Phorbol diesters induce macrophage-like differentiation in KG-1 and HL-60 human acute myelogenous leukemia cell lines. We developed a cloned subline of KG-1, known as KG-1a, that does not differentiate when exposed to phorbol diesters. Both KG-1 and KG-1a cells have a single class of specific high-affinity receptors for labeled phorbol-12,13-dibutyrate with a mean Kd of 1.47 +/- 0.10 (S.E.) X 10(-8) M and 0.85 +/- 0.20 X 10(-8) M for the sensitive parental KG-1 line and the resistant KG-1a subline, respectively (p less than 0.025). The number of [3H]phorbol-12,13-dibutyrate binding sites (mean +/- S.E.) per cell was 3.85 +/- 0.98 X 10(5) and 3.94 +/- 0.31 X 10(5) on KG-1 and resistant KG-1a cells, respectively. We observed no significant decrease of specific binding with time (down regulation) in either KG-1, KG-1a, or HL-60 cells, suggesting that down regulation of specific phorbol-12,13-dibutyrate binding is not critical to induction of differentiation. Our data also confirm that the presence of specific high-affinity phorbol receptors on leukemic cells does not assure that phorbol diesters can trigger their differentiation.
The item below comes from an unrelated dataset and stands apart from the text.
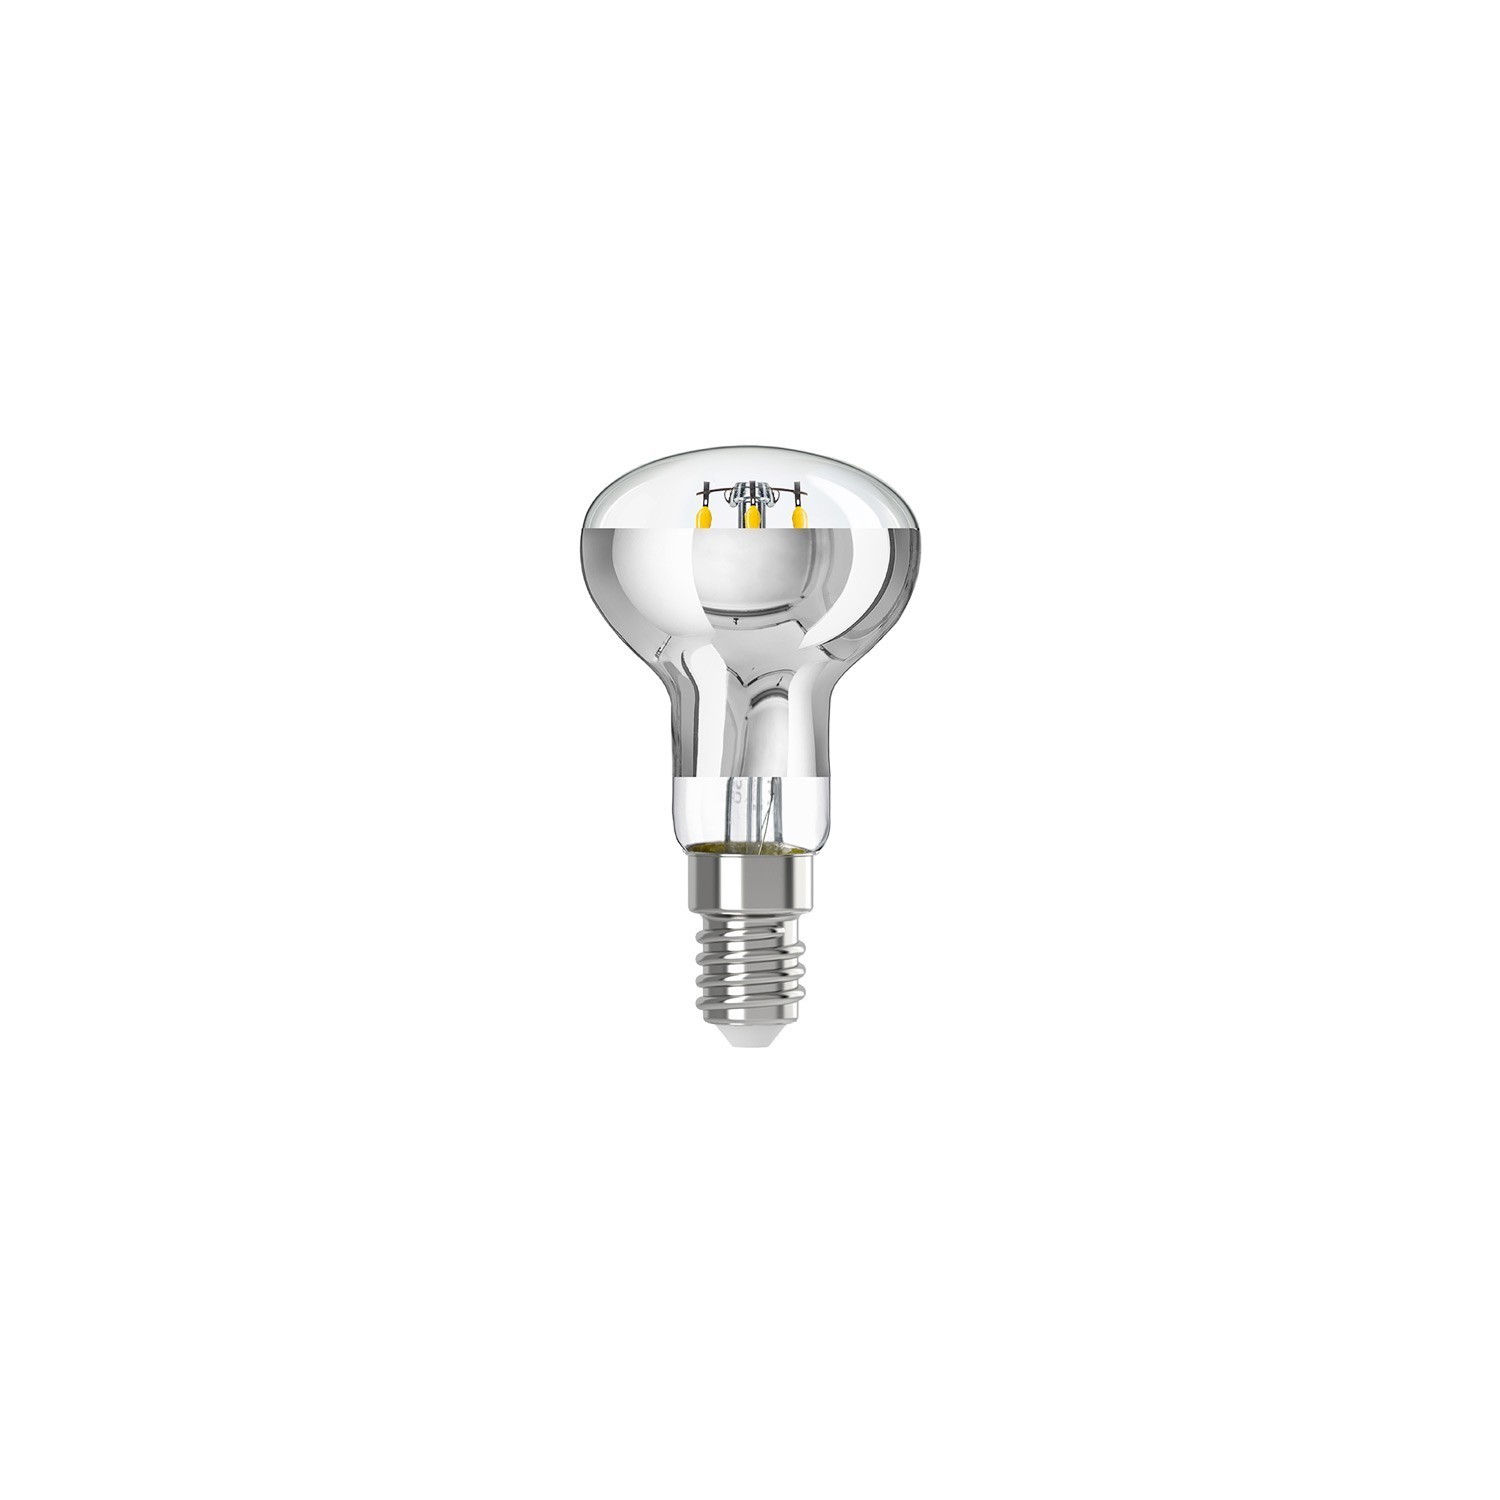 LED Silver Mirror Light Bulb R50 4W 470Lm E14 2700K Dimmable - A06

佛波酯可诱导KG-1和HL-60人急性髓性白血病细胞系向巨噬细胞样分化。我们培育了KG-1的一个克隆亚系,称为KG-1a,当暴露于佛波酯时它不会分化。KG-1和KG-1a细胞都有一类针对标记的佛波醇-12,13-二丁酸酯的特异性高亲和力受体,敏感的亲本KG-1细胞系和抗性的KG-1a亚系的平均解离常数(Kd)分别为1.47±0.10(标准误)×10⁻⁸M和0.85±0.20×10⁻⁸M(p<0.025)。每个细胞上[³H]佛波醇-12,13-二丁酸酯结合位点的数量(平均值±标准误)在KG-1细胞和抗性KG-1a细胞上分别为3.85±0.98×10⁵和3.94±0.31×10⁵。我们在KG-1、KG-1a或HL-60细胞中均未观察到特异性结合随时间的显著降低(下调),这表明特异性佛波醇-12,13-二丁酸酯结合的下调对分化诱导并不关键。我们的数据还证实,白血病细胞上存在特异性高亲和力佛波醇受体并不能确保佛波酯能触发它们的分化。